I recently discovered my personality type and have been struggling for a long time (well my whole life) to figure out what I want to do for a living. I finished my Bachelors of Arts last year in Psychology with a minor in Business Administration and currently hold a Data Entry position with the bank I've been working at for the past four years.

I don't feel like the company is for me and want to do something more related to helping people and getting fulfillment out of work. I had been thinking for a while about Graduate school and getting into Counseling, Social Work, etc. but realized the time, effort, money (or lack thereof) and everything else is just not worth it to me.

Recently, I started thinking about going back to school for Mathematics as it was a field I always enjoyed and loved the step-by-step process in solving a problem and procedural nature behind it.

I'm curious, does anyone here know of a position that ISFJs get into that revolves around Mathematics?
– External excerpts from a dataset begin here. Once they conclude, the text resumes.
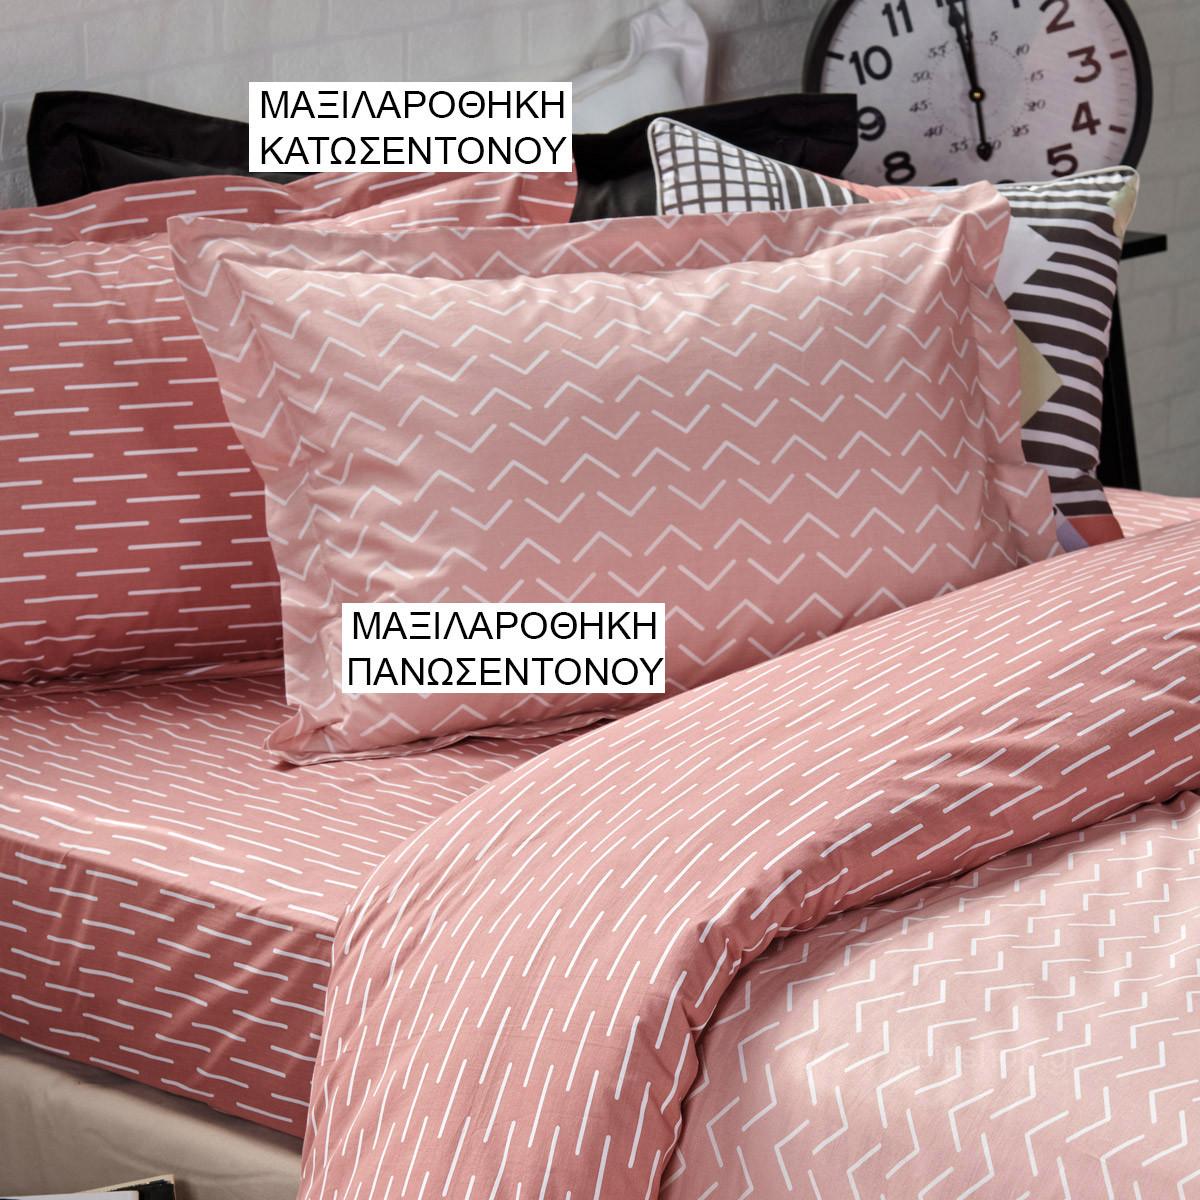 Ζεύγος Μαξιλαροθήκες Oxford Kentia Versus Gio 18 home   κρεβατοκάμαρα   μαξιλάρια   μαξιλαροθήκες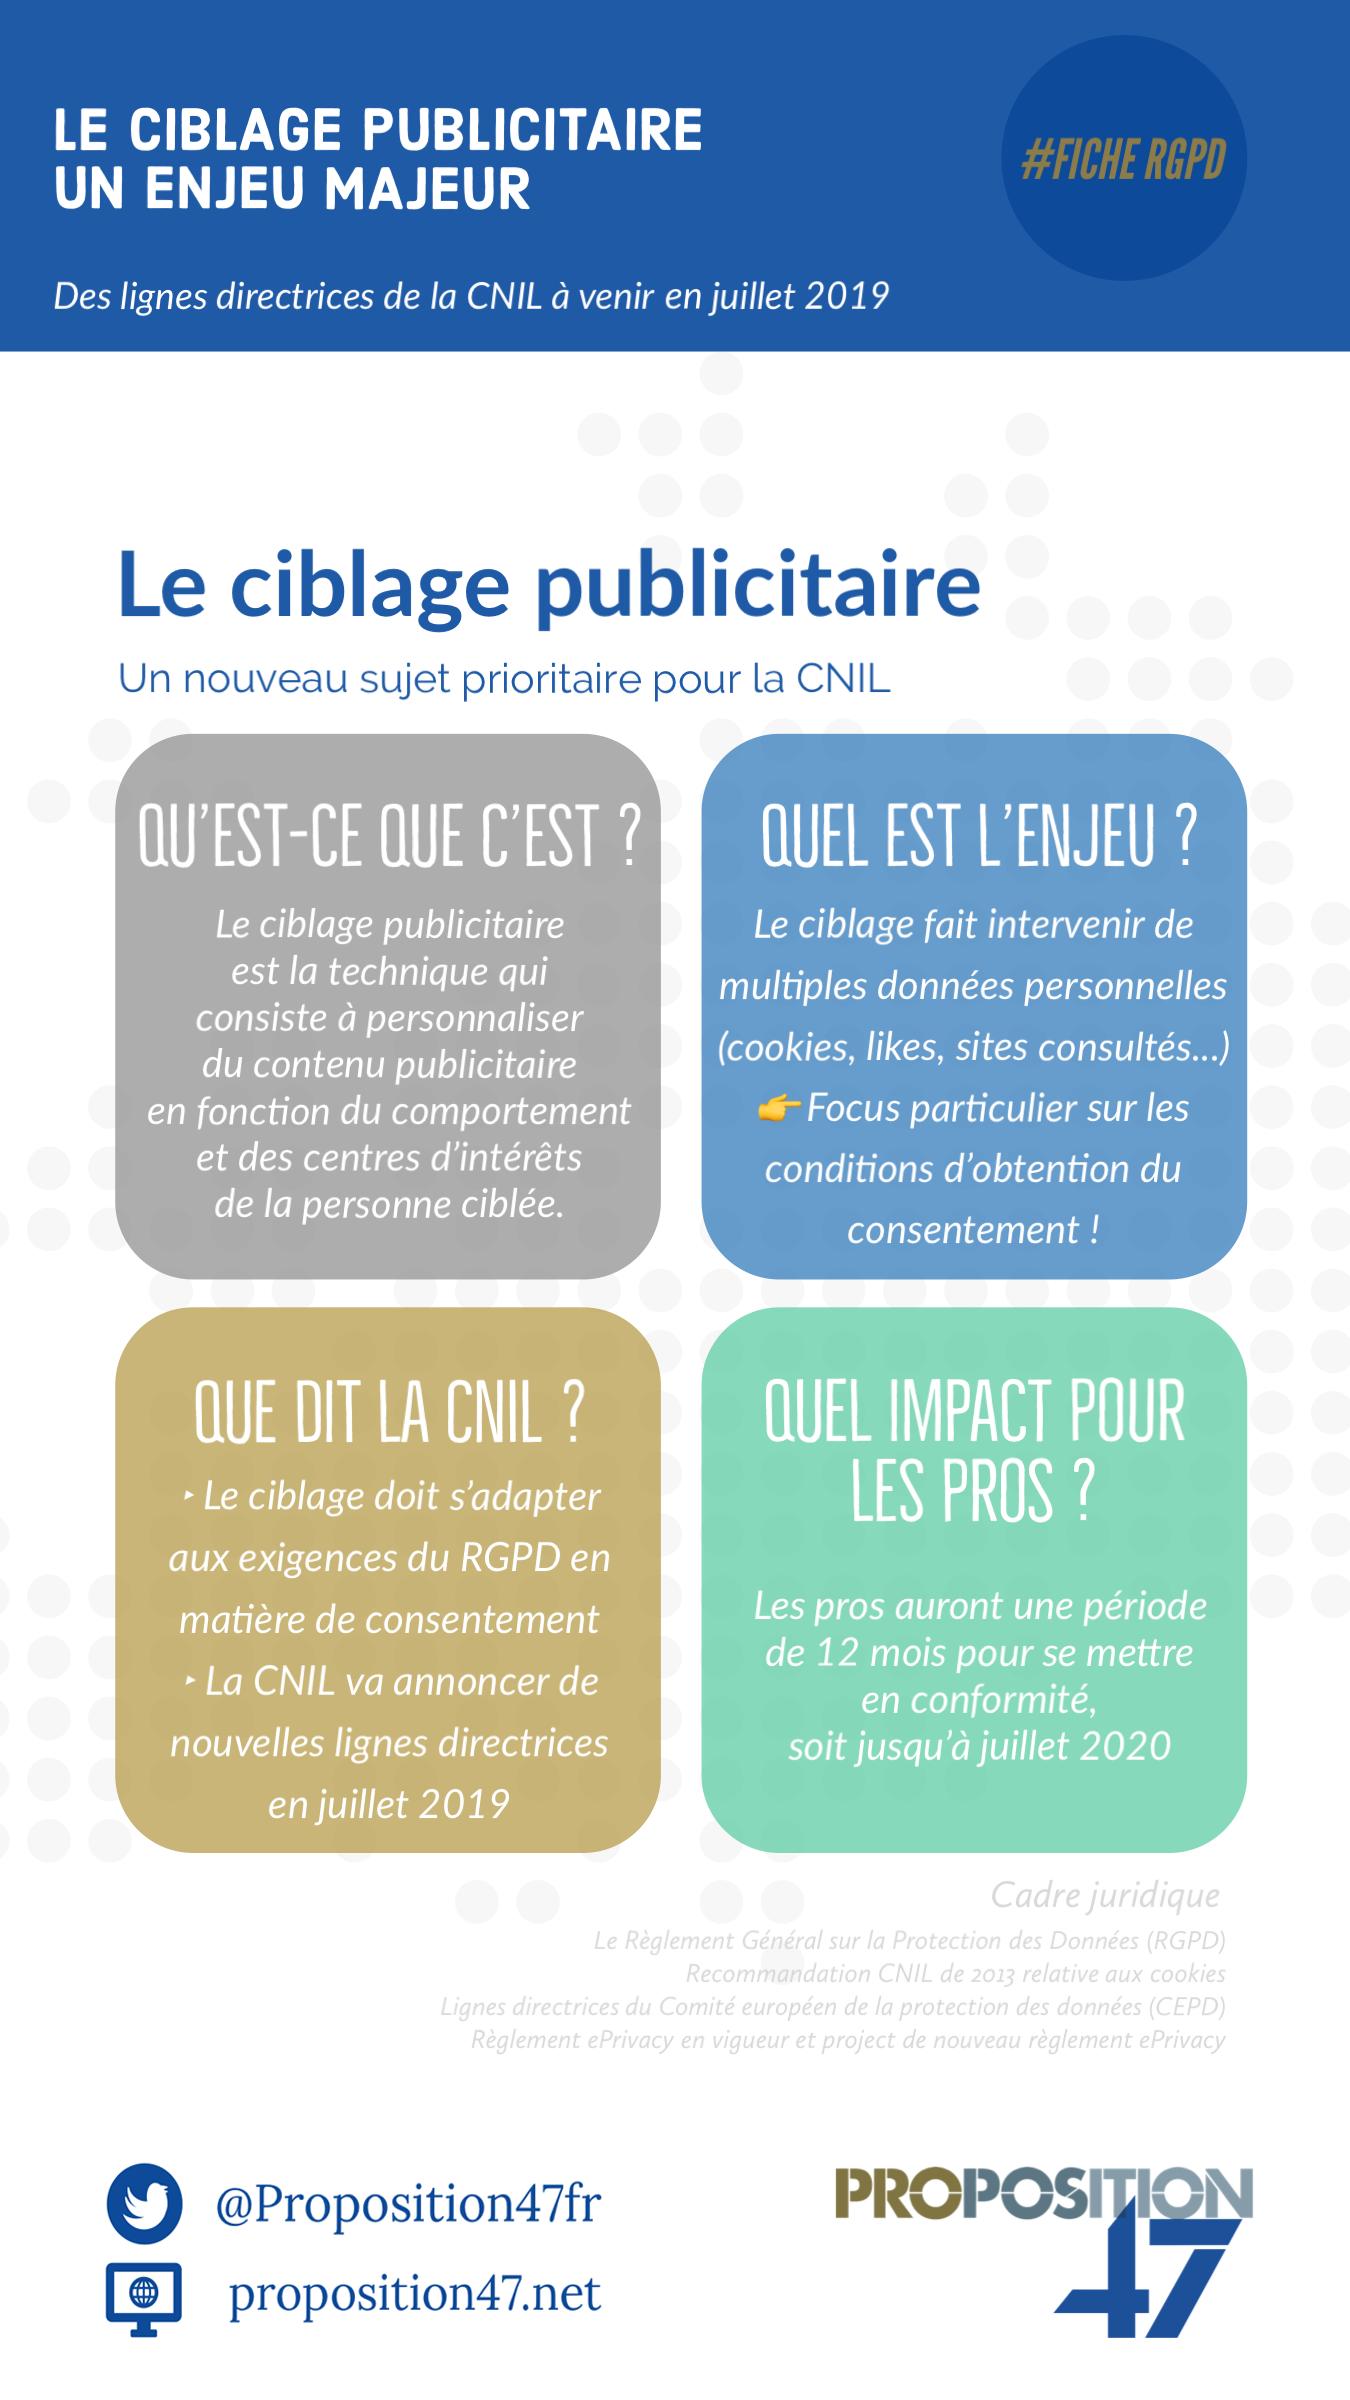 fiche-dpo-ciblage-publicitaire.png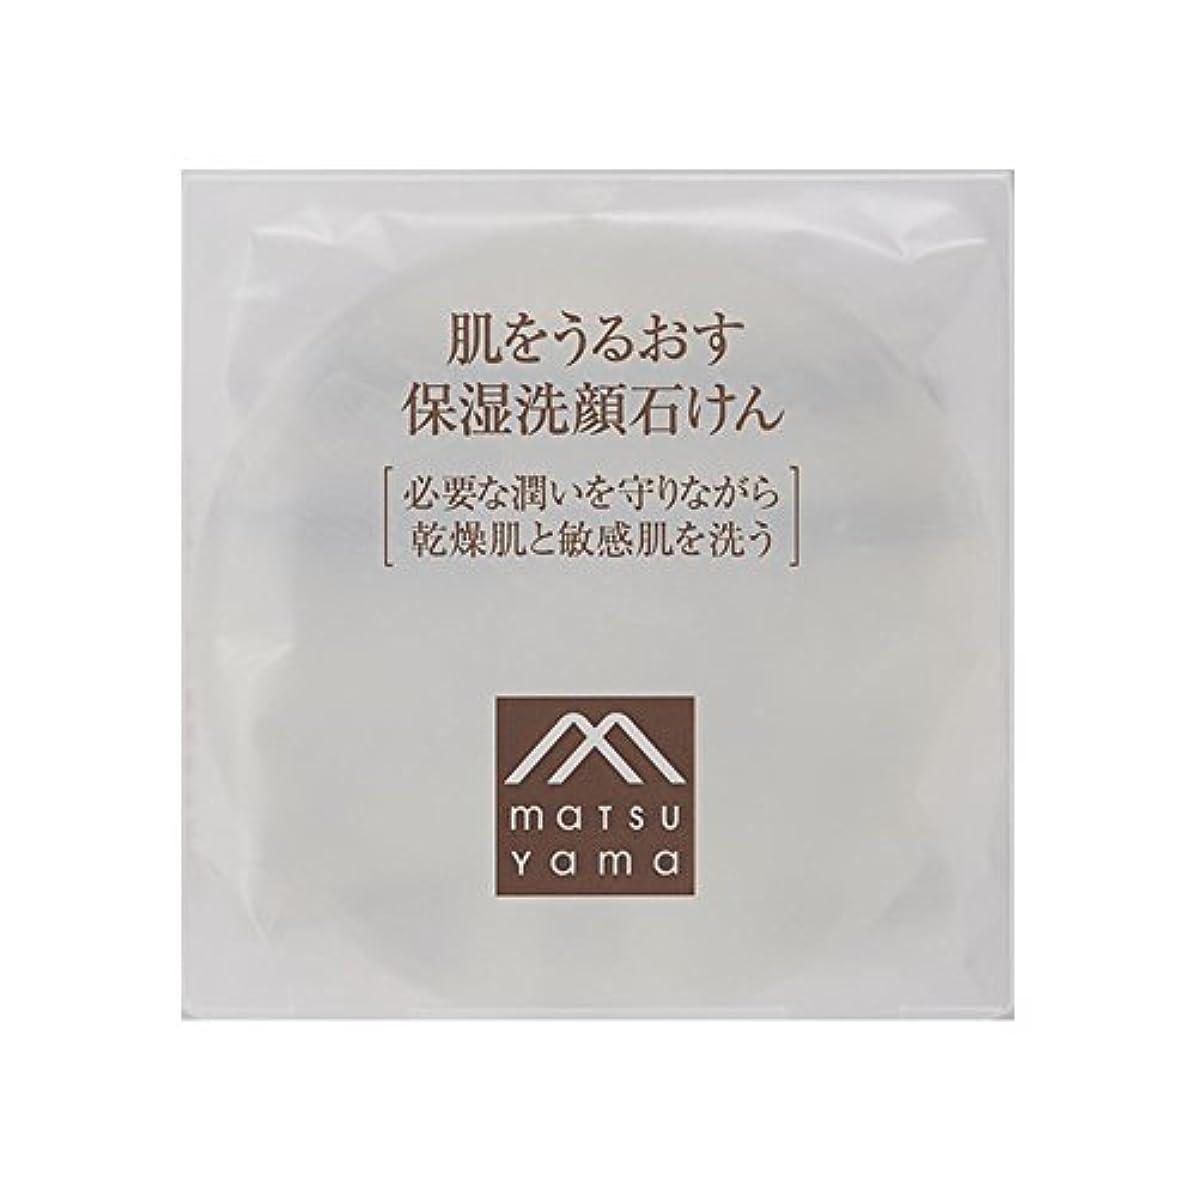 スカーフ崇拝するひらめき肌をうるおす保湿洗顔石けん(洗顔料) [乾燥肌 敏感肌]

Obviously, ISFJs want a job where their helping people and I've thought about teaching, but am just not sure right now.

Any feedback would be great.

Thanks.


----------



## blit (Dec 17, 2010)

JDiNicola said:


> *Recently, I started thinking about going back to school for Mathematics as it was a field I always enjoyed and loved the step-by-step process in solving a problem and procedural nature behind it.*
> 
> I'm curious, does anyone here know of a position that ISFJs get into that revolves around Mathematics? Obviously, ISFJs want a job where their helping people and I've thought about teaching, but am just not sure right now.
> 
> ...


Don't let a label stop you from doing what you know you want.


----------



## JohnGalt (Nov 5, 2011)

If you like it, do it. I know a guy who works as a statistician and is an ISFJ. Stats in particular is very procedural (as opposed to something like algebraic topology, which just involves a lot of aimless abstract thinking). If you work in a team, you can still get out your need for helping people and creating harmony while pursuing a subject matter you are interested in.


----------



## JDiNicola (Dec 1, 2011)

What about teaching? I remember I had a teacher in high school who taught math and always thought this guy had the greatest job in the world. He was so clear and smooth in explaining mathematics to students and made every type of problem seem so simple. I loved watching this guy explain things and it made me want to be just like him.


----------



## teddy564339 (Jun 23, 2010)

JDiNicola said:


> What about teaching? I remember I had a teacher in high school who taught math and always thought this guy had the greatest job in the world. He was so clear and smooth in explaining mathematics to students and made every type of problem seem so simple. I loved watching this guy explain things and it made me want to be just like him.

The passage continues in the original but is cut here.